On Fri, Feb 15, 2013 at 3:14 PM, Aiquen <user-b197b3c08719@xymon.invalid> wrote:

Greetings

I don't know if this is the correct forum for this question or more
like it, new feature request. How ever I'm gonna post here and hope
someone will point me right if this is the wrong place.

For the issue at hand. At my company we use Xymon to monitor thousands
of servers. And sometimes disks gets filled and thus generates an
alert. Sometimes this won't get looked into for a couple of days since
our clients have specified that they want to remove data themselves
(and not buy more storage). And as several servers have 3 - 8 disk
and/or partitions we sometimes have trouble monitoring the other disks
since one is already sending an alert.

Example:
Server1 has 3 monitored partitions of a disk:
/
/srv/important/data
/srv/database

with the same limits on all three: 80% -> yellow alert; 90% -> red alert
Then if /srv/important/data reaches 82% the client wants us to notify
them and they will free up space. This normaly takes around 3 - 5
working days. But they also wants us to monitor /srv/database. And say
that 1 day after /srv/important/data gets filled, /srv/database
reaches 84%. That will not trigger a new alert in the non-green status
view which is what we monitor.

The question/request is then as this: Is there a way to get the client
to report each disk/partition as a separate alert, so we can disable
the alert for one disk while receiving alerts for the other
disks/partions. To use the example I want to be able to temporarily
set /srv/important/data in disabled mode while still getting alerts
from /srv/database

I know this could be solved by writing my own script for the client,
but that was disapproved of from management as they want as few custom
scripts to maintain as possible (we already have dozens of custom
scripts).

All help and feedback is appreciated, thanks.

Kind regards
Calle Lejdbrandt

list Aiquen Eldar · Fri, 15 Feb 2013 23:12:22 +0100 ·

I include the list in this response as I think it was left out by mistake.
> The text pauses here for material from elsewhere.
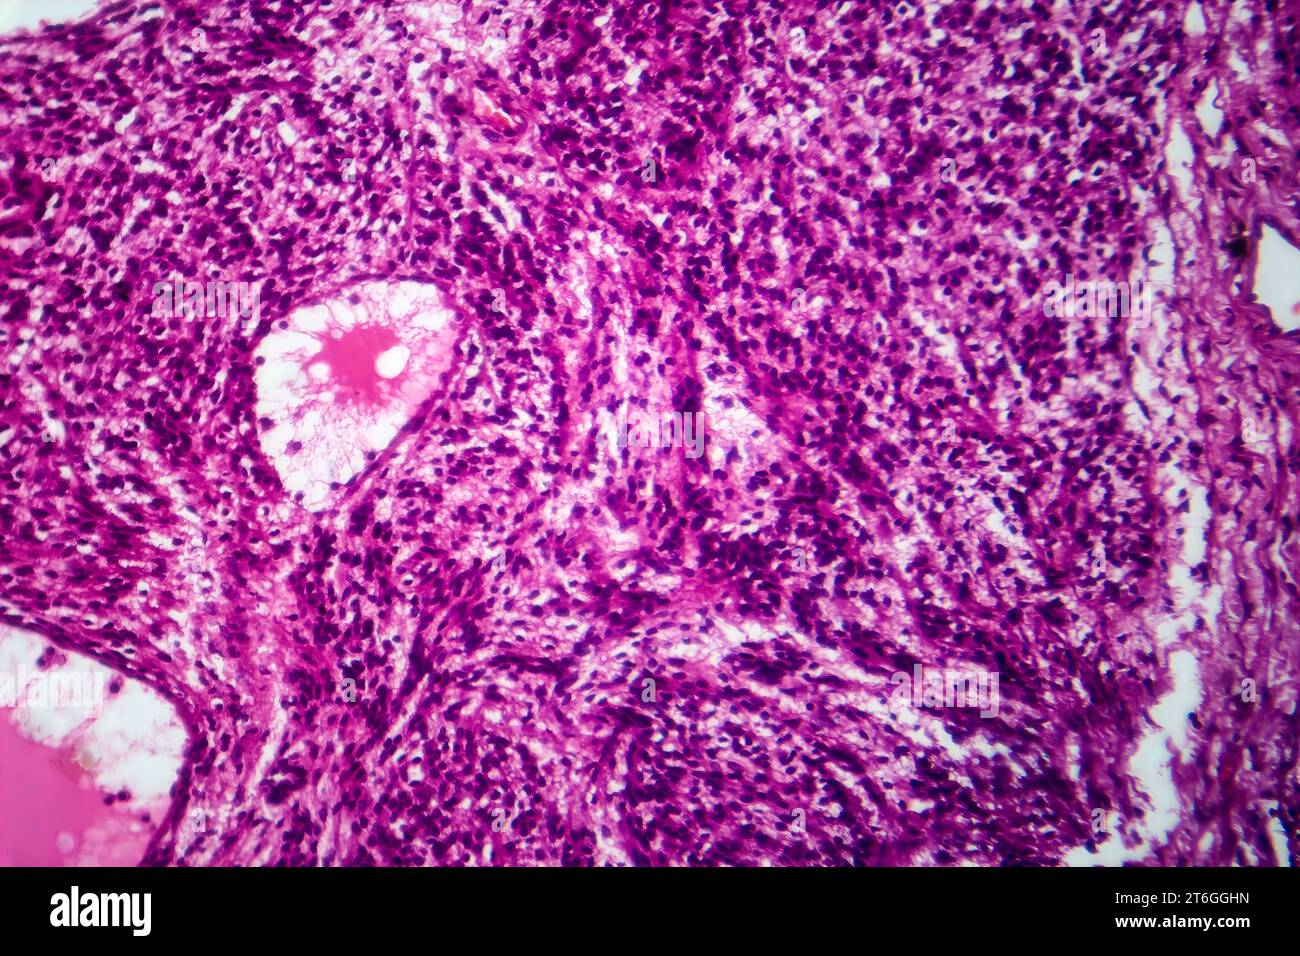 Fotomicrografia del fibrosarcoma, che rivela fibroblasti maligni e tessuto connettivo ricco di collagene, caratteristica del cancro aggressivo dei tessuti molli. Foto Stock

That is a good answer, and will probably help people in similar
situations out. This will however not work for us as we don't use the
email-functionality at all in xymon. Also this is a decision from
management.

So I need a solution that will show up in the non-green systems view
in xymon. And also I need to get alerts based on that a filesystem
changes state, not based on one disk changes state on a host as it is
natively.

I do know this is very specefic. But I have tried several workarounds
and have been shot down from management because they want changes to
the client to come upstream since the disk alert technically is
working. It is just annoying for us who have to work with it this way.

Kind regards
Calle Lejdbrandt

On Fri, Feb 15, 2013 at 10:51 PM, Mike Burger <user-cc5c6e80f4c5@xymon.invalid> wrote:

While I don't have a Xymon specific, technical answer, I do have a
suggestion, which I've put to use in other places, with other monitoring
tools.

Send the emails to an account on the Xymon server, maybe even xymon, itself.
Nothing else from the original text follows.